Eric turned his attention to Jennifer Aniston on the cover of five different tabloids.  Was she aging well?  Had she gained a lot of weight?  Was a minidress appropriate? Some people in this world got all the attention.  Eric noted with odd pleasure that Ms. Aniston was older than he, if not by much.

In a subdued voice, the young woman chose plastic over paper, and the kindly old bagger in his apron and bowtie packed her purchases carefully, well behind the checkout lady’s pace.  But good for Hannaford, Eric thought, hiring the guy at no-doubt minimum wage with his savings all eaten up by his wife’s final illness—the sadness of late-life loss was in the old bird’s eyes and posture, even in his hands.

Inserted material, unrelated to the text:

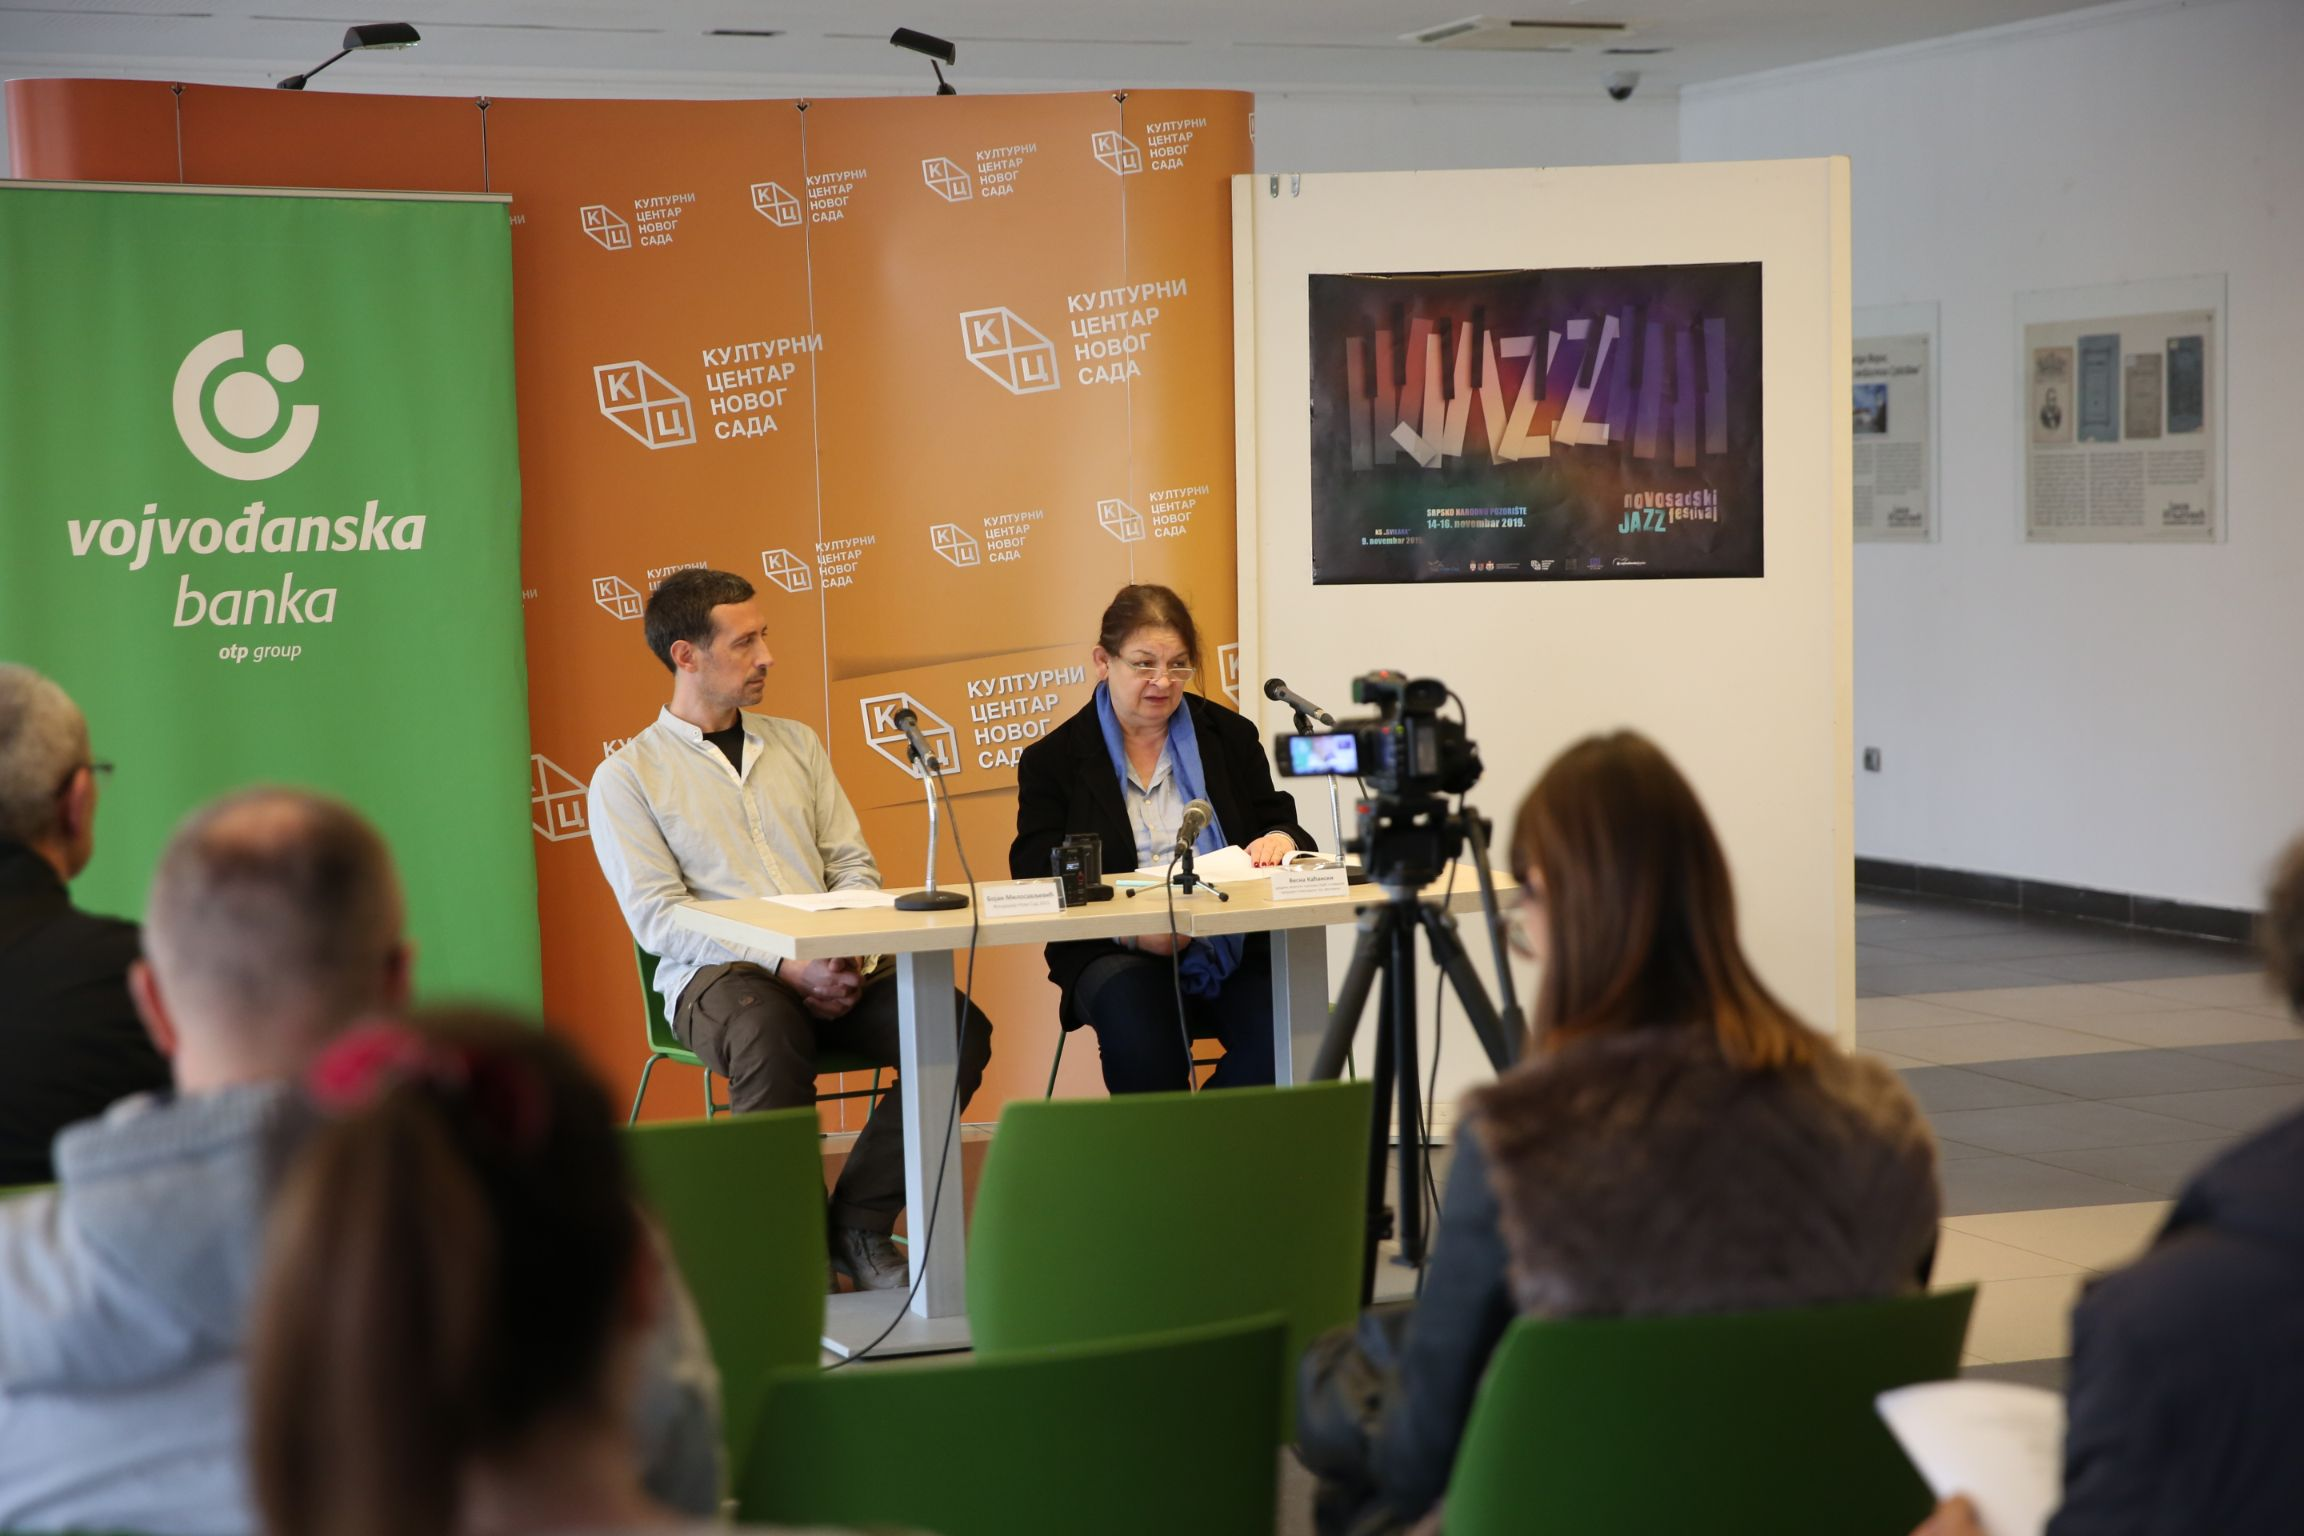 Ускоро почиње 21. Новосадски џез фестивал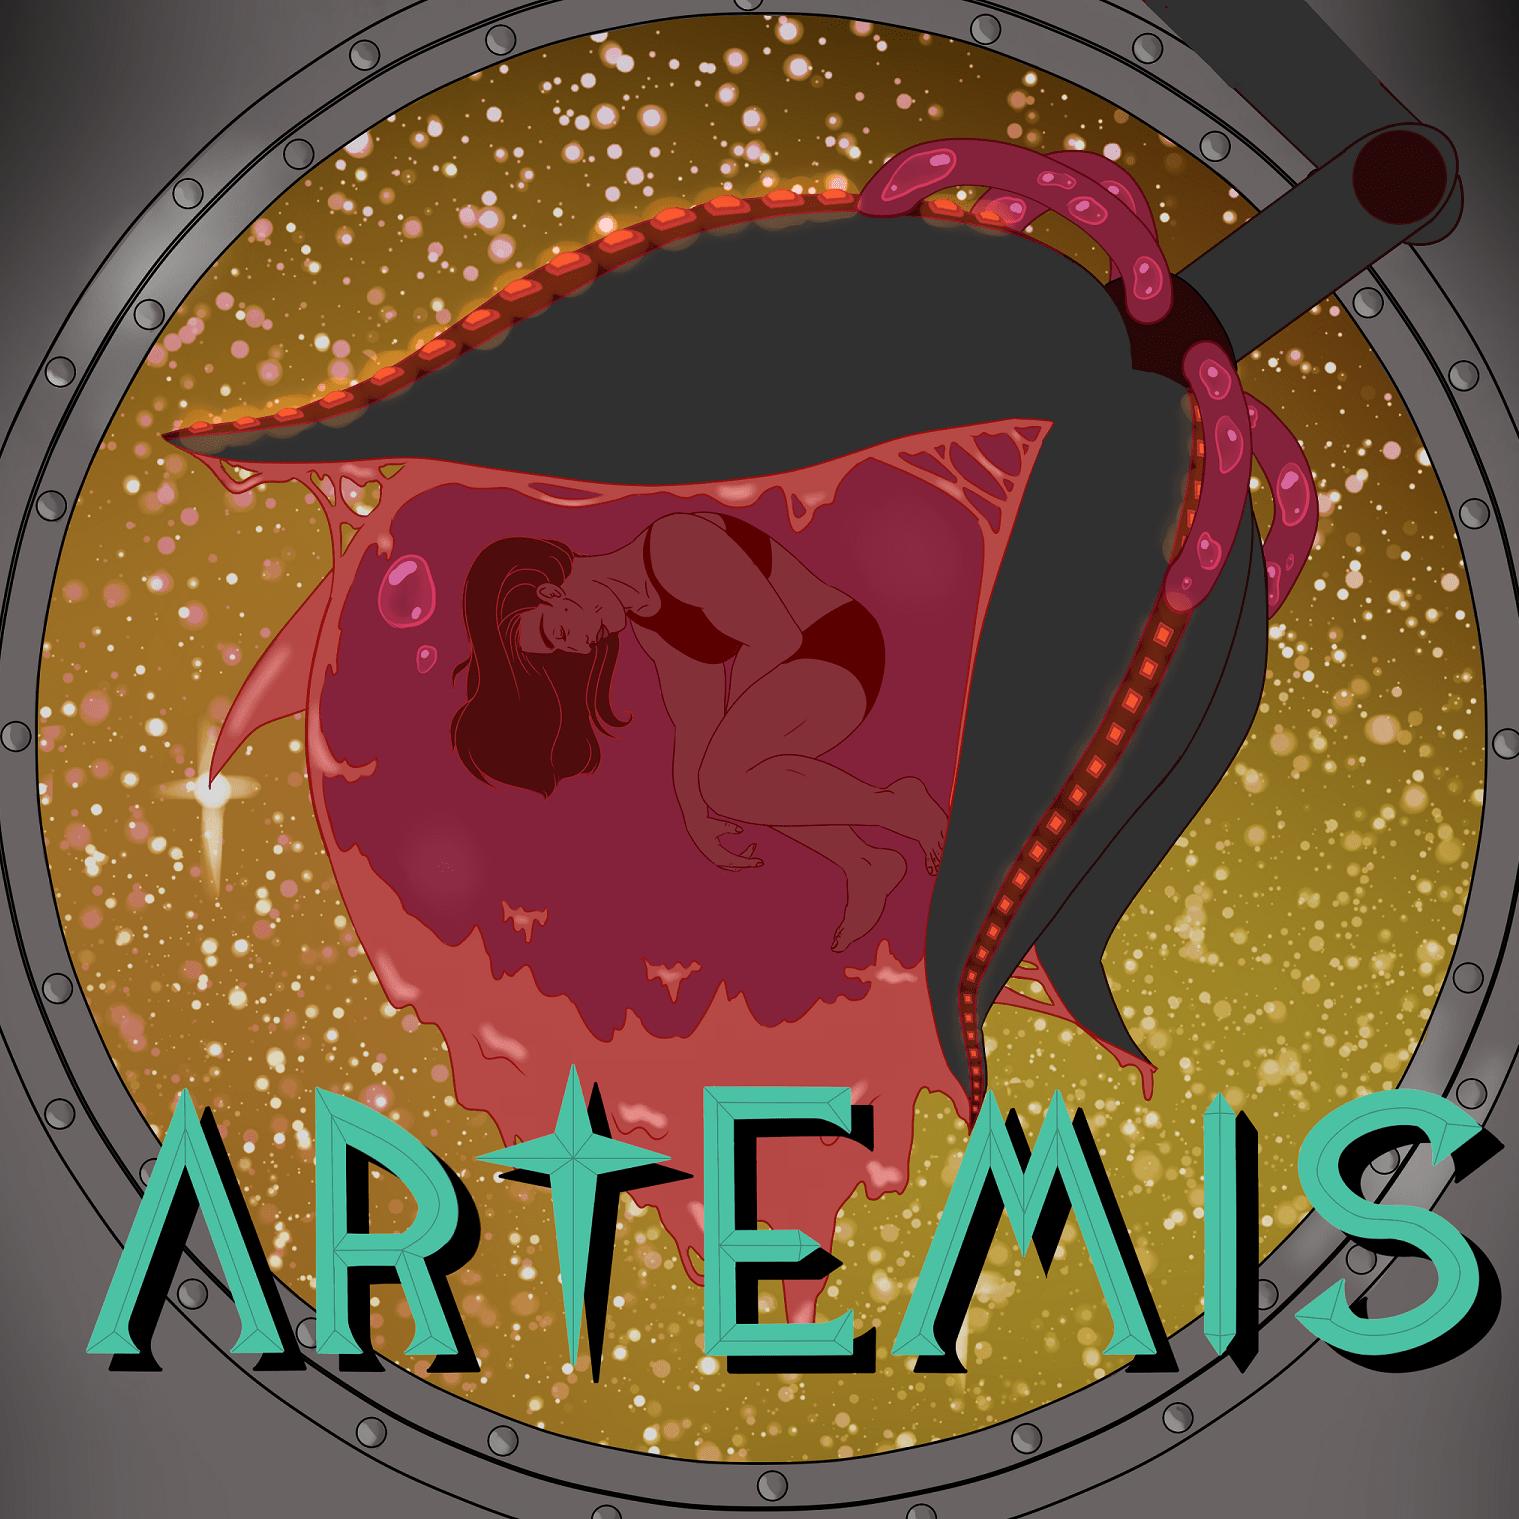 artemis-e1537544016775.png

The checkout lady was gruff and impatient, already turning to Eric’s stuff, which probably looked perverse compared with the girl’s, and had come from the new “gourmet” section of the market: organic jalapenos, organic Asian eggplants, organic red bell peppers, a bunch of organic kale for braising, two huge organic onions, a tiny bottle of fine Tuscan olive oil, five pounds good flour, French yeast in cakes, a huge chunk of very, very expensive raw-milk Parmesan (Reggiano, of course), two bottles Cotes du Rhone—and not just any old Cotes du Rhone but Alison’s favorite, thirty-four bucks a pop.  Also a packet of Bic razors, the new, good ones with five blades and a silicone-lubricating strip, thick green handles.  He was planning to cook for Alison—they’d always had fun making pizzas—and she liked her wine, also his chin, closely shaven, had once bitten him there in passion, but only once, and a long time ago.  And fruit: he’d picked out the one ripe mango in the whole display in the event of an Alison morning, unlikely, also a dozen eggs.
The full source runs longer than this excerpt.